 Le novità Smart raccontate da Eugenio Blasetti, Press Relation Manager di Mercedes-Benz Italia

● ● ● ●

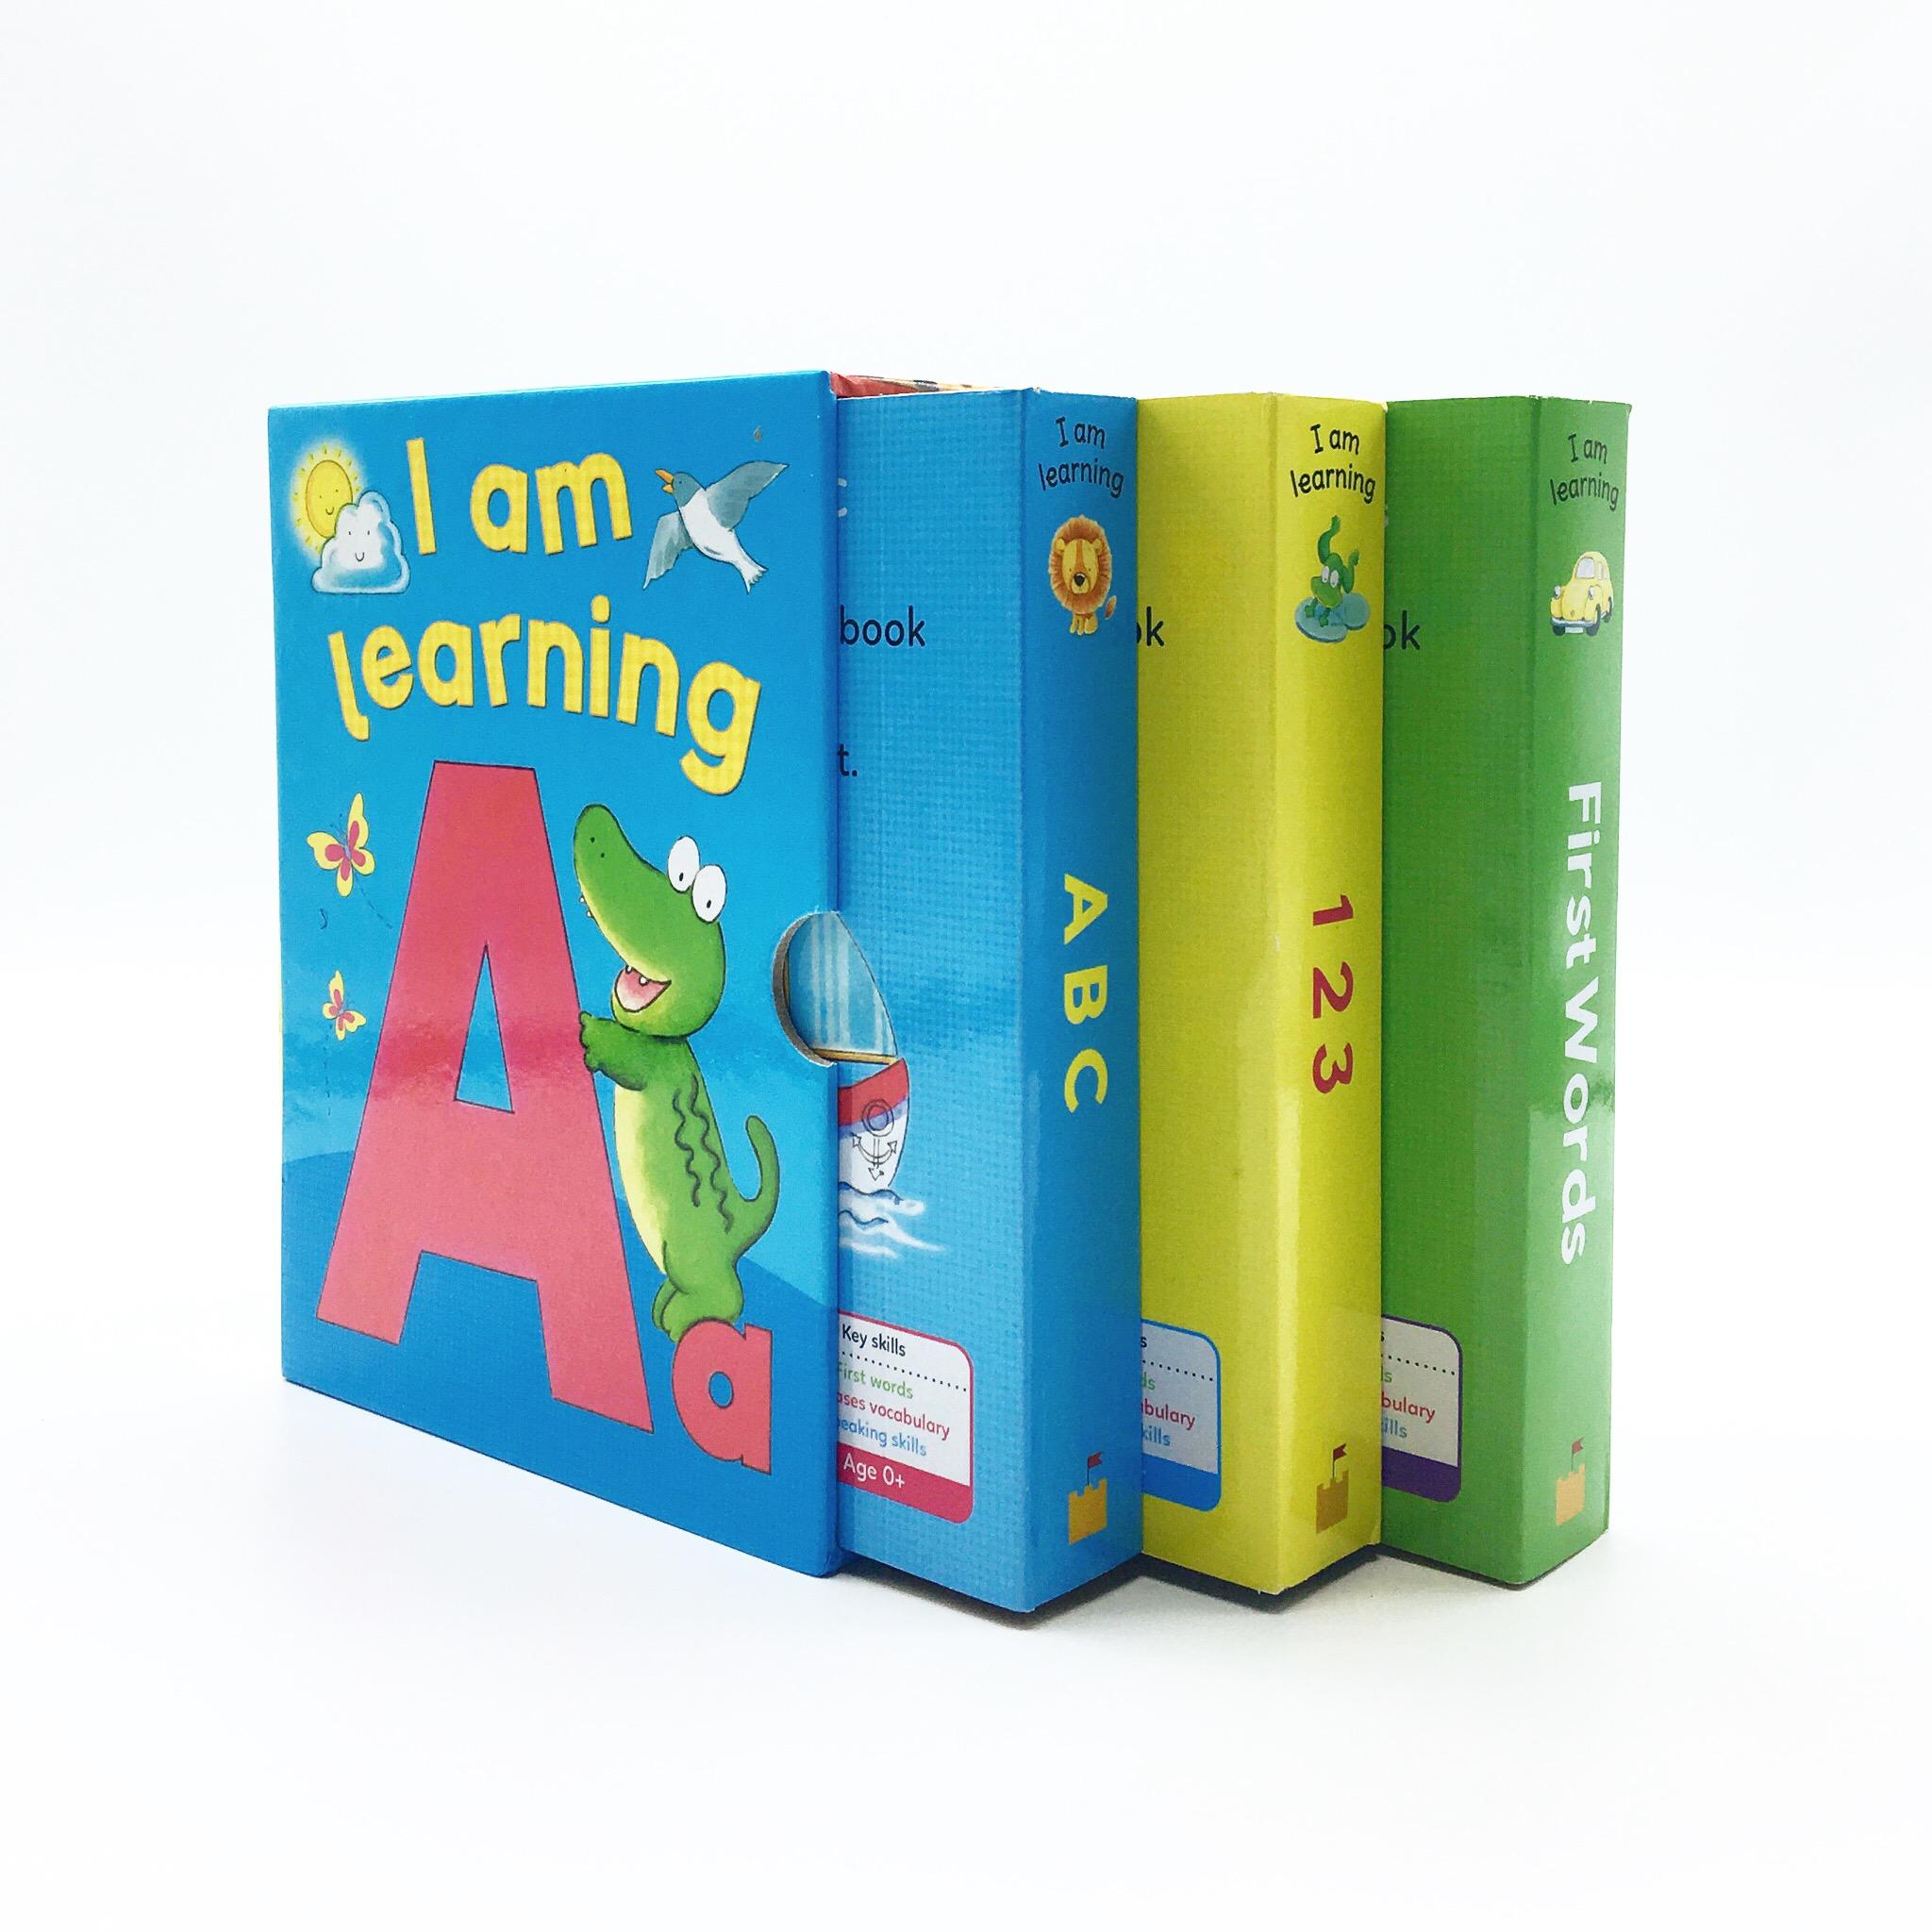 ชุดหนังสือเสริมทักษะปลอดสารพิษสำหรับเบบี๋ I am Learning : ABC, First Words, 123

● ● ● ●

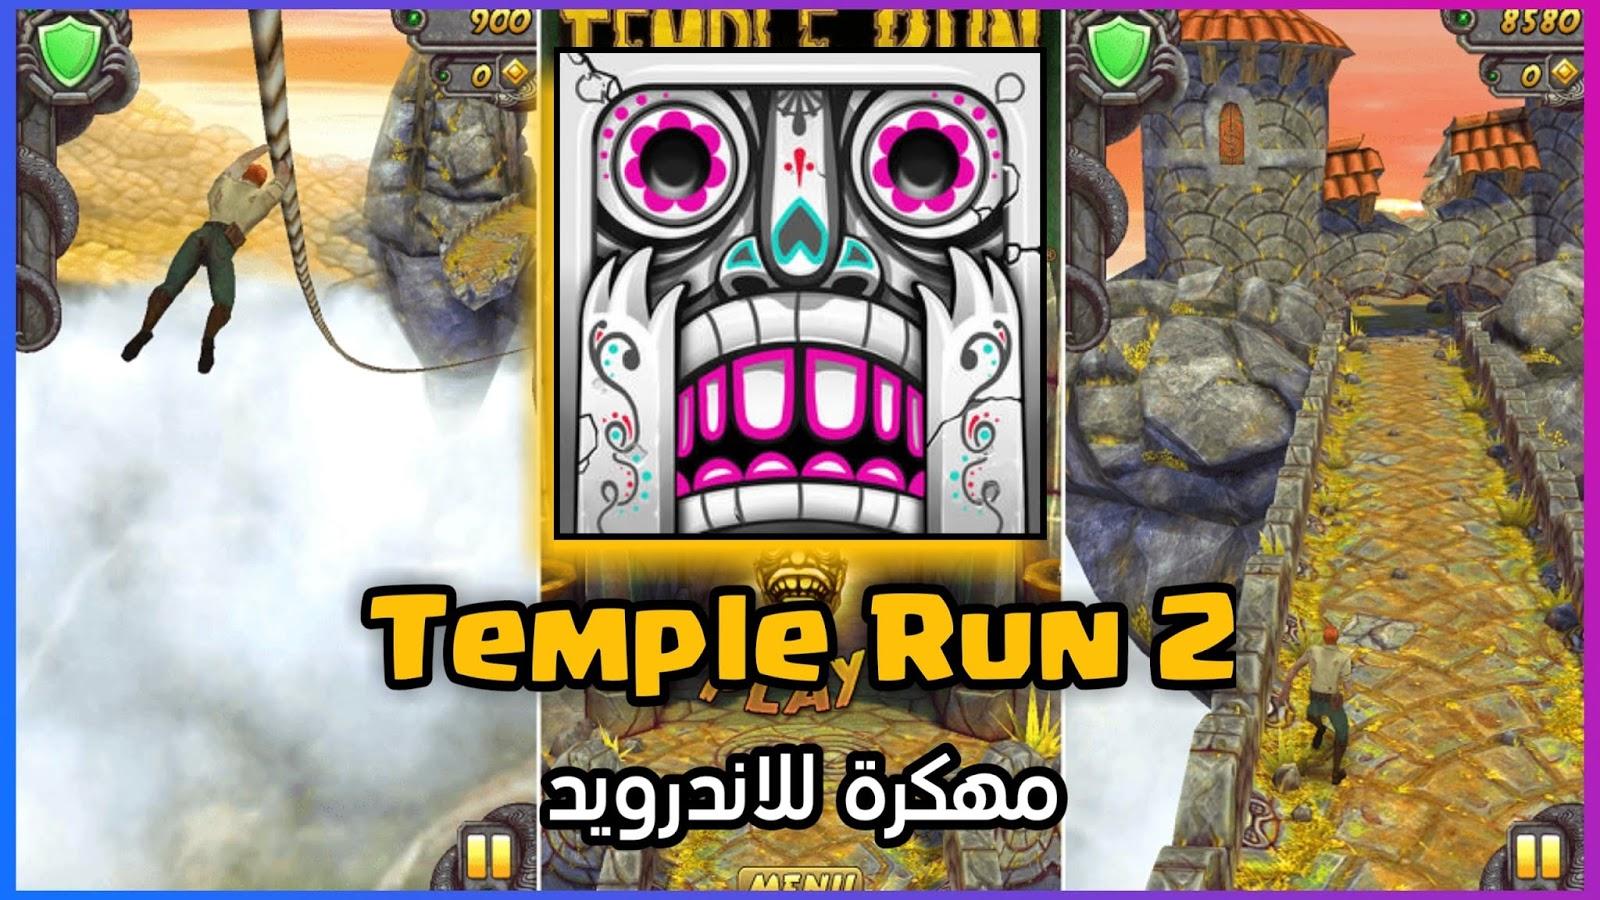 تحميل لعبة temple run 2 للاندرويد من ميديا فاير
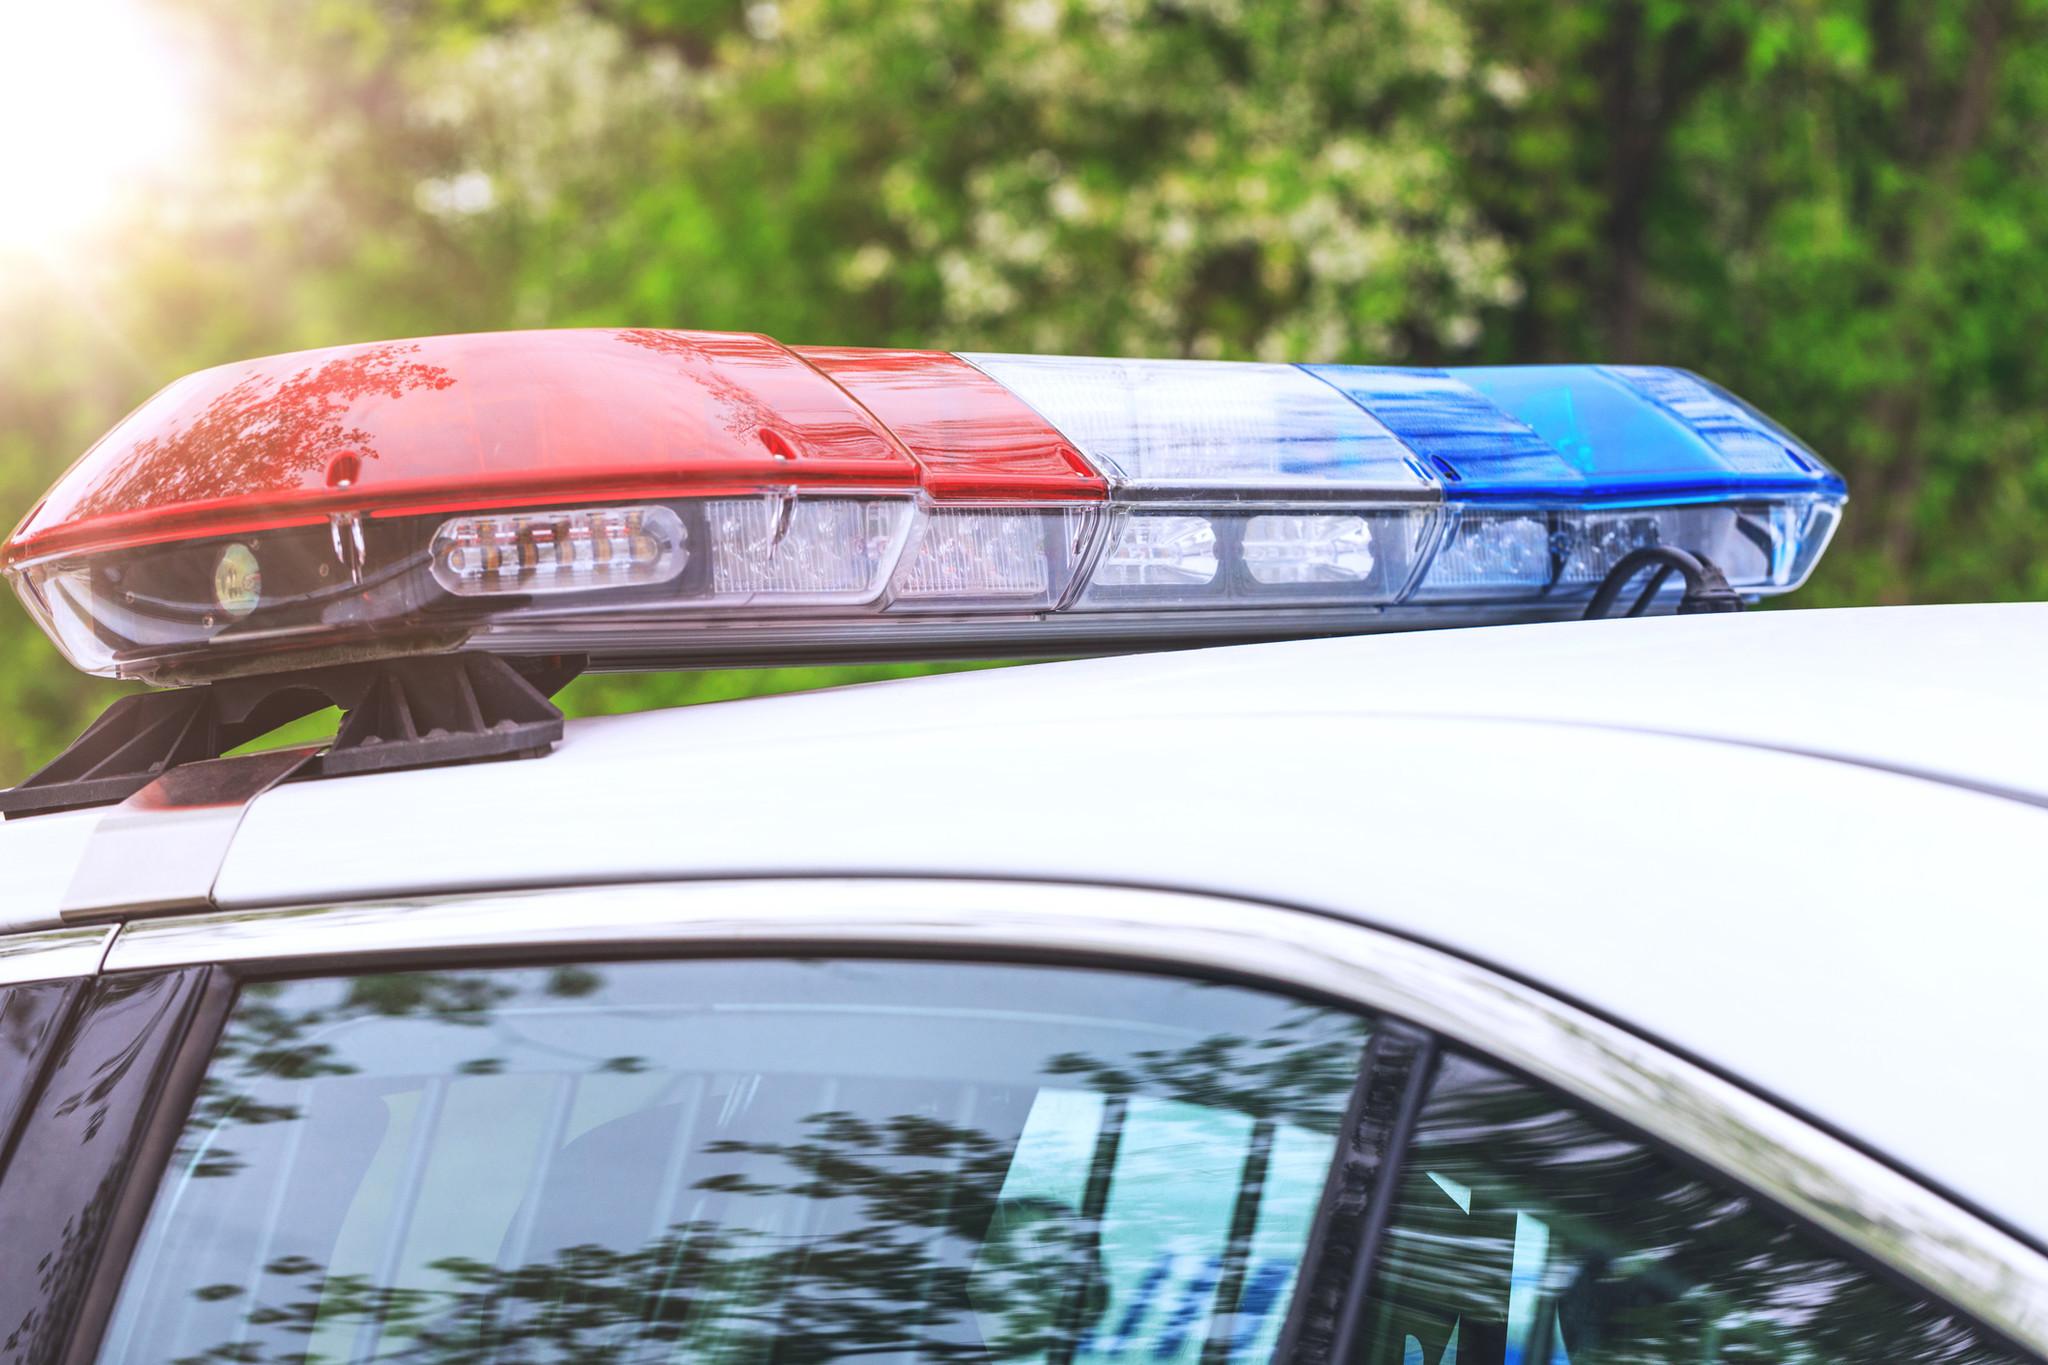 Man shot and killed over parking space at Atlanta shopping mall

● ● ● ●

**Task to complete:** Skip every picture, and restate word for word only the lines above from the line containing "تحميل لعبة temple" to the line containing "Man shot and", both of them included.

**Answer area:**
 تحميل لعبة temple run 2 للاندرويد من ميديا فاير
 Man shot and killed over parking space at Atlanta shopping mall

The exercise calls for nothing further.